We had very nice brown bread for tea, rather a light brown, and spongy—Mrs. Jeyes made it, the Yearsly cook, who had been there always and stayed always—the servants never changed at Yearsly—and milk and butter from Cousin John’s Jersey cows, specially nice butter. Sometimes one of the cows would look in at the window, the north window, on to the park. Once Guy got out of the window on to a cow’s back, and rode off on it—but the cow kicked him off very soon, and we watched him chasing it and laughing, but he could not get on again.

We had ponies, too, that grazed in the park with the cows. We used to catch them ourselves and ride about bareback on them. When we were older we rode out properly with the coachman, Mathew, and Guy became a great rider. I loved it too, but Hugo did not ride so much when he grew older. I was sorry he didn’t, for I always did the same as he did, when I could.

The dogs were deerhounds. There were always two of them and sometimes three, and Cousin John had black spaniels as well. The dogs lived outside in kennels, or at the stables, but they played with us and were very much part of our life.

It is hard for me now when I think of those years at Yearsly to see them clearly and critically at all. It seems to me now that the life we led was a perfect life, as happy and complete as any children could possibly have. I know that it is unlikely to have been quite perfect, for nothing is; perhaps we were too idle; perhaps we should have been made to work harder and take lessons more seriously. I know Walter thinks we were all spoiled, that the realities of life were not brought before us, and that Guy and Hugo suffered afterwards for this. There may be something in what he says. I don’t know. I only know that it was the happiest part of my life and I believe of theirs too, and that it has helped me afterwards, when things were bad and difficult, to look back to those times and live them over again; and as for Guy and Hugo, they were and are to me all I could wish for anyone to be, and I cannot wish anything at all different about them.

IV

The first big change came when Hugo went to school.
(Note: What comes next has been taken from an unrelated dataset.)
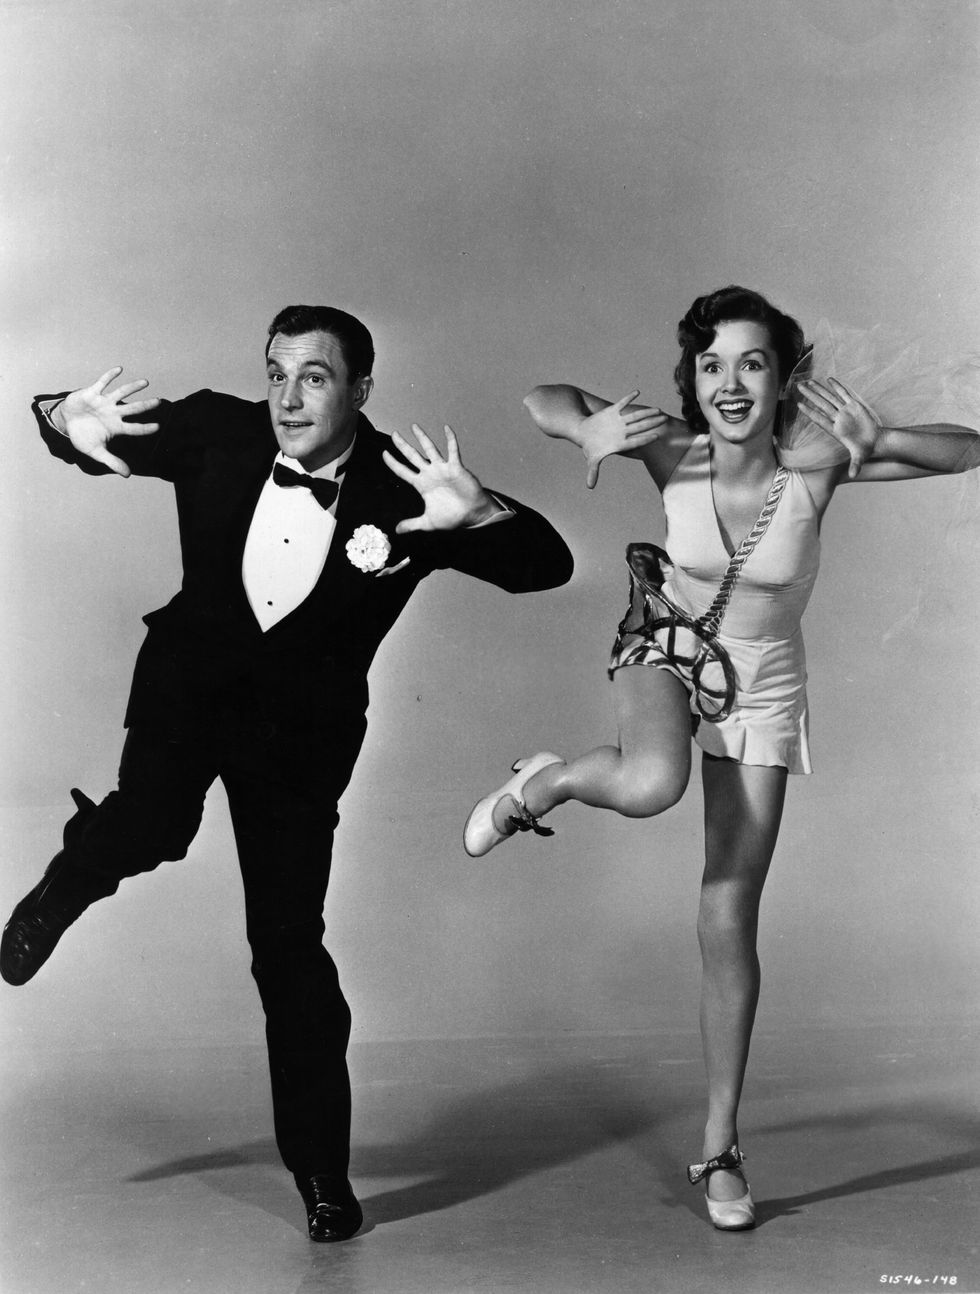 Gene Kelly: Debbie Reynolds was 18 when she starred as Gene Kelly's love interest in Singin' in the Rain. She had never sung or danced before, but she said learned a lot from Kelly whom she has described 'as the most exacting director I ever worked for.' (Photo by Hulton Archive/Getty Images)
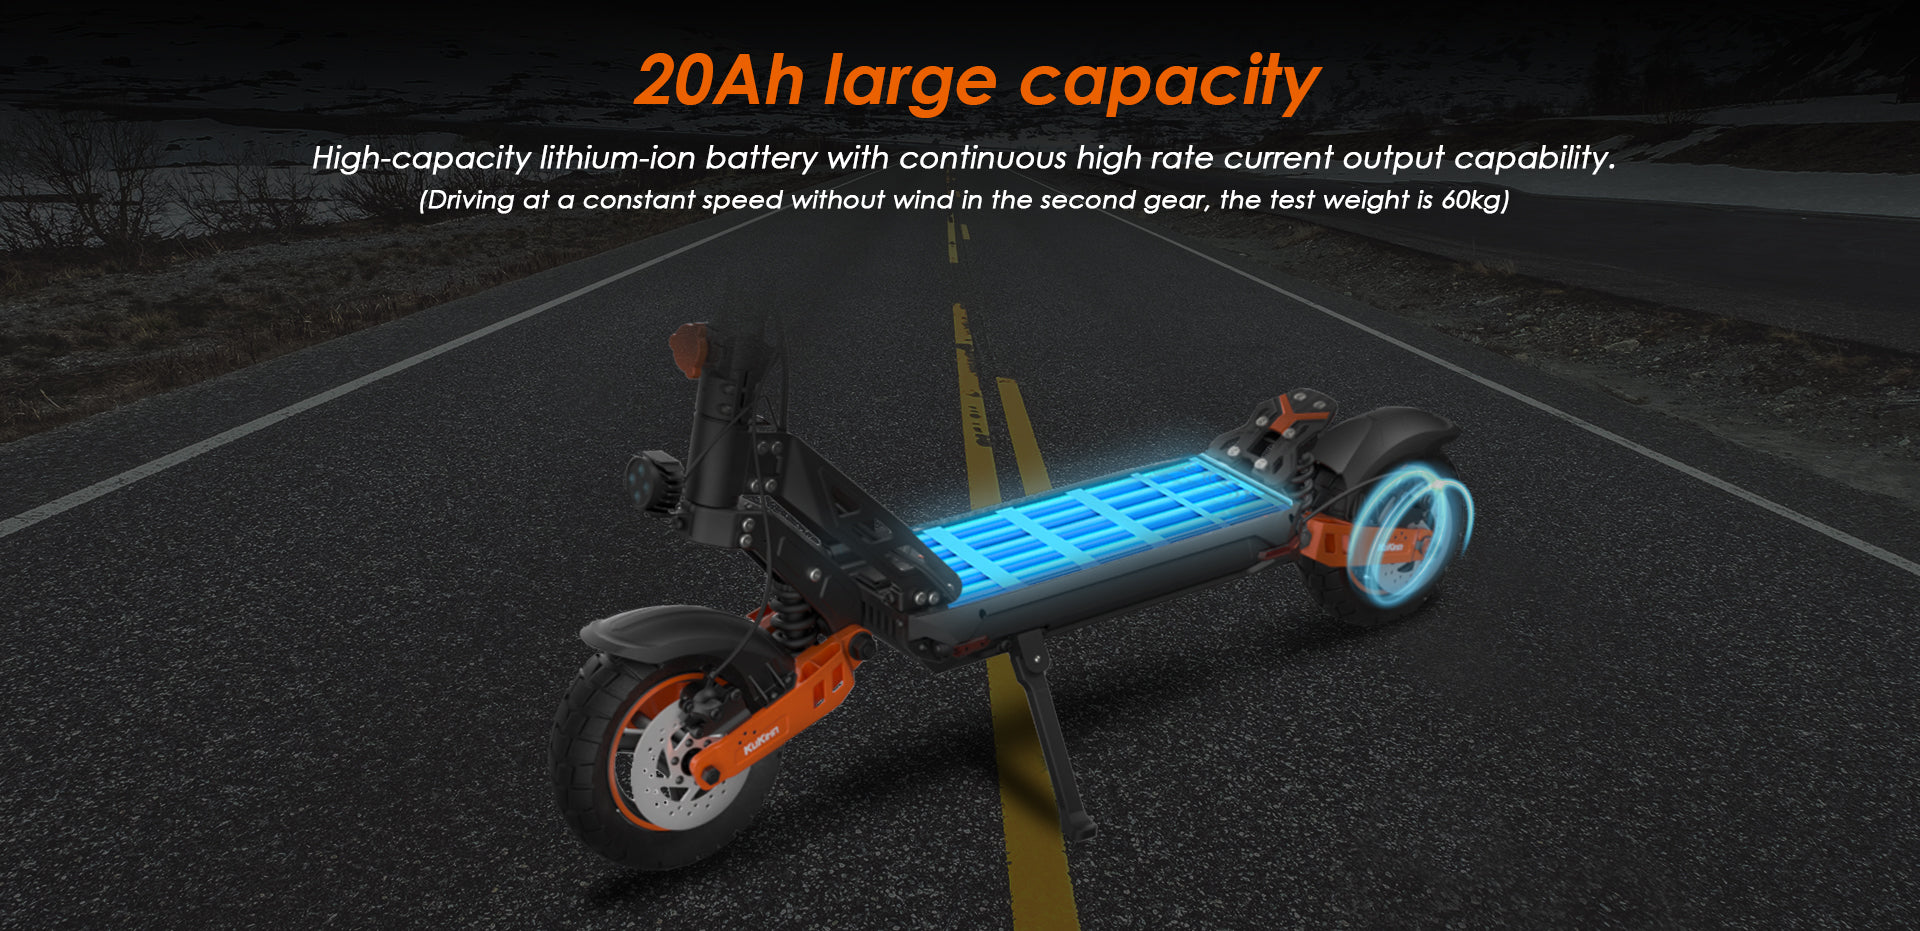 KUKIRIN G2 Max/G2 Master Electric Scooter with Seat, Powerful 1000W Motor,  35 MPH Max Speed, 50 Miles Range, 48V/20Ah Large Capacity Battery, Dual

Guy had gone two years before, when he was ten years old. That made a break in our lives, of course; we missed Guy badly, but it seemed somehow in the order of things and natural. It had always been settled for Guy to go away to school when he was ten. He had accepted the idea, and Hugo and I accepted it for him. He was ready to go, and there was nothing tragic in the separation.

He went and came back, and went again and came back again. The term time while he was away passed not interminably, and he slipped back into our life each holiday time without a serious break.

With Hugo it was quite different. We had known that it was intended for him to go some time, but vaguely. Cousin Delia had said so at the time Guy went, and Guy spoke of it from time to time. But it had not seemed real or imminent, and had not worried us. Just as we grown-up people live always with the knowledge of death in front of us, yet do not think of it much, until it comes certainly near.

So two years went by after Guy’s going, and we had grown accustomed to life with him only sometimes there, and were as happy as before, and as free from care. Then, a month after Hugo’s tenth birthday, Cousin Delia told him that he was going to school with Guy the next autumn.